A reforma de 1961 alterou este regime. Cabe salientar, no essencial, duas alterações:

i) O «recurso de queixa» passou a chamar-se reclamação. 
ii) o processamento da reclamação deduzida no tribunal da Relação sofreu modificação. Na versão primitiva do Código de 39, só podia usar-se de recurso de queixa no segundo grau, depois de proferido acórdão que negasse a admissão do recurso ou o retivesse. Com a aludida reforma, proferido o despacho do relator, passa a haver uma única reclamação: a dirigida ao presidente do Supremo Tribunal de Justiça.

Como explica Eurico Lopes Cardoso «esta reclamação vai à conferência, não para os fins do artigo 700.º, n.º 3, mas para ser proferido acórdão que admita ou mande seguir imediatamente o recurso ou que mantenha o despacho reclamado.

Se a conferência mantiver o dito despacho, seguem-se os termos do n.º 4 do artigo 688.º»[9].

A reforma de 95/96 simplificou ainda mais a tramitação do julgamento da reclamação no segundo grau, eliminando a possibilidade da sua sujeição à conferência.

Com o novo regime dos recursos (DL 303/20007) alterou-se uma vez mais e significativamente o regime do recurso de reclamação mantido , no essencial na reforma de 2013.

Ora, como dissemos no despacho recorrido, Dispõe o artigo 643.º  do nCPC que do despacho que não admita o recurso pode o recorrente reclamar para o tribunal que seria competente para dele conhecer no prazo de dez dias contados da notificação da decisão (1); o recorrido pode responder à reclamação apresentada pelo recorrente , em prazo idêntico ao referido no número anterior (2); a reclamação, dirigida ao tribunal superior, é apresentada na secretaria do tribunal recorrido, autuada por apenso aos autos principais e é sempre instruída com o requerimento de interposição e as alegações, a decisão recorrida e o despacho objecto de reclamação (3).

Como vimos o recurso do despacho de indeferimento do requerimento de interposição do recurso é materialmente um verdadeiro recurso (ordinário, agora a acrescentar à apelação e à revista) e não uma mera reclamação.

Esta natureza explica a razão pela qual a lei se refira repetidamente ao tribunal recorrido e não apenas, como se impunha, em coerência com o nomen juris que o designou, ao tribunal reclamado.

Quando tenha a forma escrita, o requerimento de interposição do recurso deve incluir a alegação do recorrente, em cujas conclusões deve ser indicado o fundamento específico da recorribilidade ((artigo 637, n.º 2, CPC). 

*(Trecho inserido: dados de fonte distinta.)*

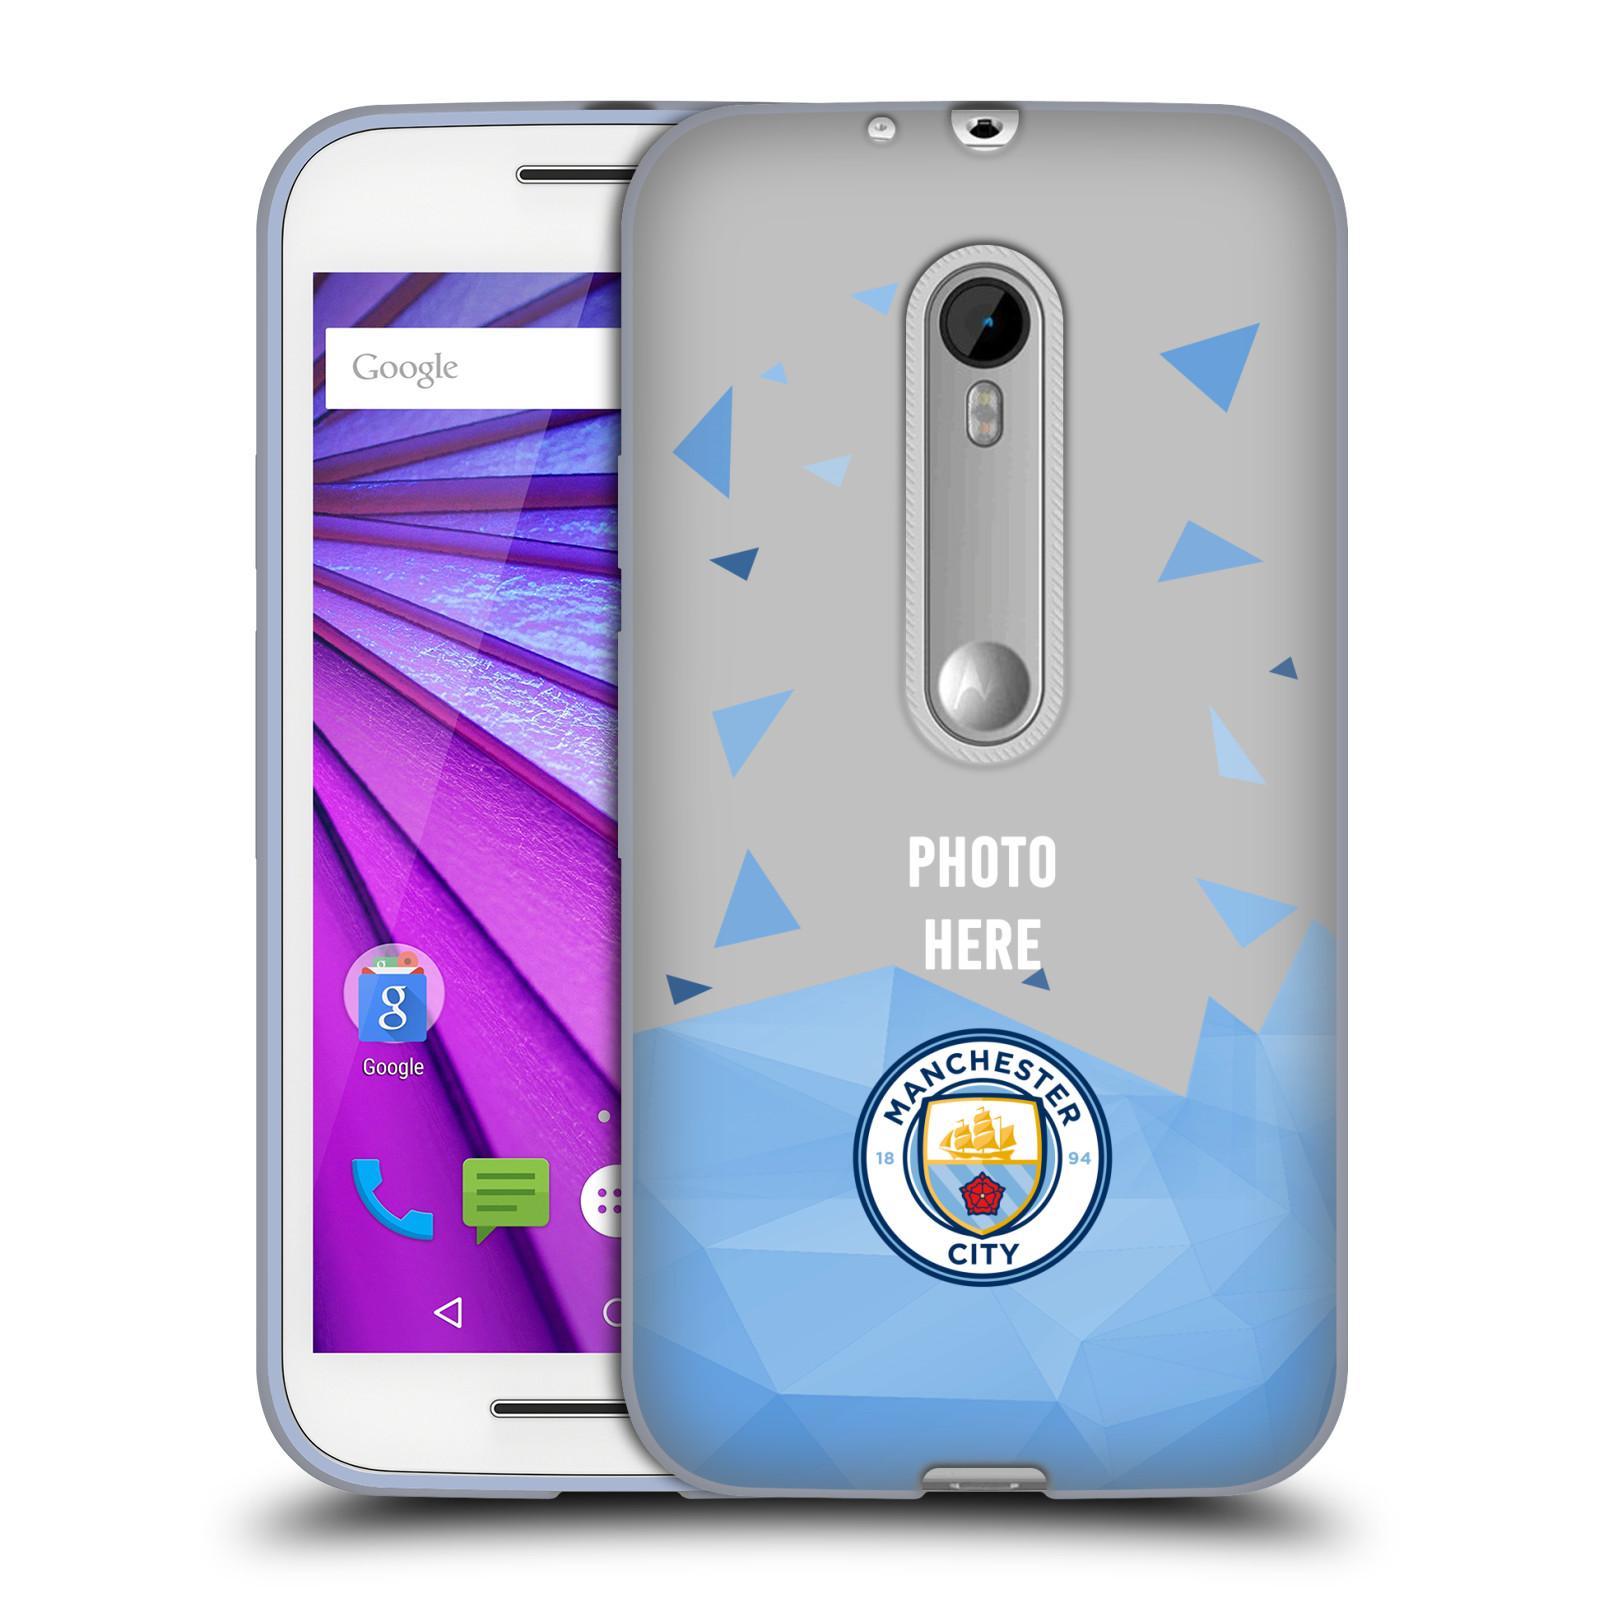 CUSTOM-MANCHESTER-CITY-FC-2017-18-LOGO-amp-KIT-SOFT-GEL-CASE-FOR-MOTOROLA-PHONES-2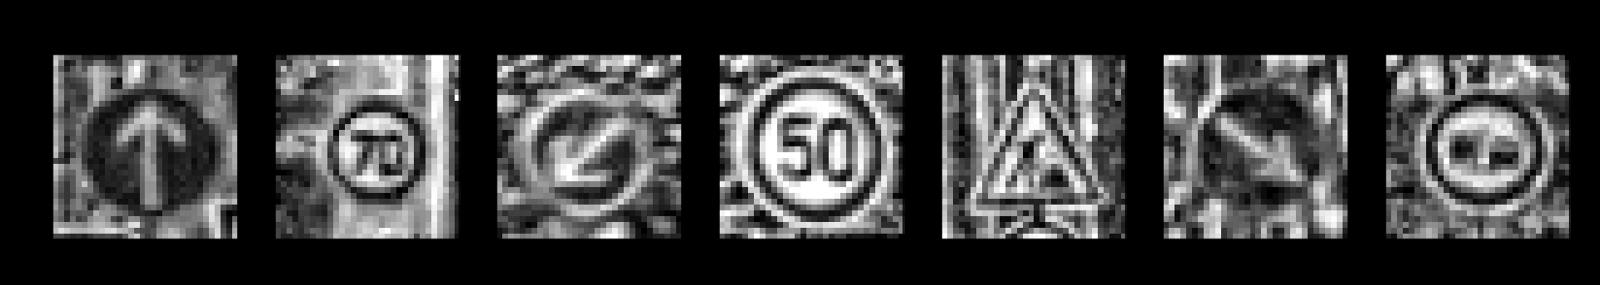 Распознавание дорожных знаков с помощью CNN: Инструменты для препроцессинга изображений - 5

As alegações devem fechar com a apresentação de conclusões, isto é, de proposições sintéticas que contenham, por súmula, resumidamente, as razões por que se pede o provimento do recurso (artigo 639 CPC).

No regime pretérito, a falta de conclusões era suprível, dado que a lei vinculava o relator do tribunal ad quem a convidar o recorrente a apresentá-las e só no caso de aquele não aceder ao convite é que mandava aplicar-lhe a sanção de não conhecimento do recurso (artigo (690.º, n.º 4, CPC).

A Reforma de 2007 optou por um regime mais radical: a falta de conclusões impede irremissivelmente o conhecimento do objecto do recurso (artigo 685.º - C, n.º 2, CPC; cfr. também artigo 685.º-A, n.º 3).

Este regime manteve-se no actual Código (artigos 641.º, n.º 2, alínea b), e 639.º n.º 3).

Não vislumbramos qualquer inconstitucionalidade neste regime.

***

Pelo exposto indefere-se a reclamação.
Custas pelo recorrente.

Lisboa-17.09.2015

(Luís Correia de Mendonça)
(Maria Amélia Ameixoeira)
(Rui Moura)

[1]  João de Castro Mendes, Recursos, AAFDL, op.cit:71.
[2]  Miguel Teixeira de Sousa, Estudos…,:371.
[3]  Fernando Pessoa Jorge, Direito Processual Civil (Recursos), AAFDL, Lisboa, 1973/1974.
[4]  Op. cit.:5.
[5]  Op. cit.: 61 ss.
[6] José João Baptista, Dos Recursos, Universidade Lusíada, Lisboa, 1988:67 ss..
[7]  José Alberto dos Reis, Código de Processo Civil, explicado, Coimbra editora, Coimbra, 1939:424
[8]  Op. Cit.: 438.
[9]  Eurico Lopes Cardoso, Código de Processo Civil, Anotado, op. cit.:480.